** Data for this task follows **
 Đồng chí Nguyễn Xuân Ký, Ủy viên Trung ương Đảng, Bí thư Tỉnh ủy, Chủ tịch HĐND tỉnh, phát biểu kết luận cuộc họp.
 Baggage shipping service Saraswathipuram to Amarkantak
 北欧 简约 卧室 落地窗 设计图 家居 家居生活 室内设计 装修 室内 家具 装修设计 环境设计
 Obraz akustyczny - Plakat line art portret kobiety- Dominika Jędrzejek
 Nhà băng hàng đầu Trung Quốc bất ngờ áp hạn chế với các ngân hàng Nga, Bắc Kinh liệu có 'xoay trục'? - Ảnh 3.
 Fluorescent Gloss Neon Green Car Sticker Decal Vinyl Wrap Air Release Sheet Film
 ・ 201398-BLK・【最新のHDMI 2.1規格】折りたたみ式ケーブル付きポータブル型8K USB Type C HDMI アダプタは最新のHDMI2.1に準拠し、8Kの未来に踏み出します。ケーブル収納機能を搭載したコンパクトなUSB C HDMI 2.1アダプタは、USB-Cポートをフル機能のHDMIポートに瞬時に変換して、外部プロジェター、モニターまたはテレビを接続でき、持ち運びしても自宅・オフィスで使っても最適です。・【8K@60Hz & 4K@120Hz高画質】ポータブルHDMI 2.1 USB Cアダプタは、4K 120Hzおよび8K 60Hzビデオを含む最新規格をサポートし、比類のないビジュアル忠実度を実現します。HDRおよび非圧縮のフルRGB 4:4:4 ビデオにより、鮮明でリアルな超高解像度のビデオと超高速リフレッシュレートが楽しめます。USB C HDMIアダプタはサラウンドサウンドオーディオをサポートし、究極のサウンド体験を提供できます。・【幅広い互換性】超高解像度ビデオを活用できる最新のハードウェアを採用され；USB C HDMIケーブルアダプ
** End of Data for this task **
* **What is required**:
Looking at the records above, return exactly the lines from the line with "北欧 简约 卧室 落地窗" to the line with "Fluorescent Gloss Neon", both ends included.

* **Answer to the exercise**:
 北欧 简约 卧室 落地窗 设计图 家居 家居生活 室内设计 装修 室内 家具 装修设计 环境设计
 Obraz akustyczny - Plakat line art portret kobiety- Dominika Jędrzejek
 Nhà băng hàng đầu Trung Quốc bất ngờ áp hạn chế với các ngân hàng Nga, Bắc Kinh liệu có 'xoay trục'? - Ảnh 3.
 Fluorescent Gloss Neon Green Car Sticker Decal Vinyl Wrap Air Release Sheet Film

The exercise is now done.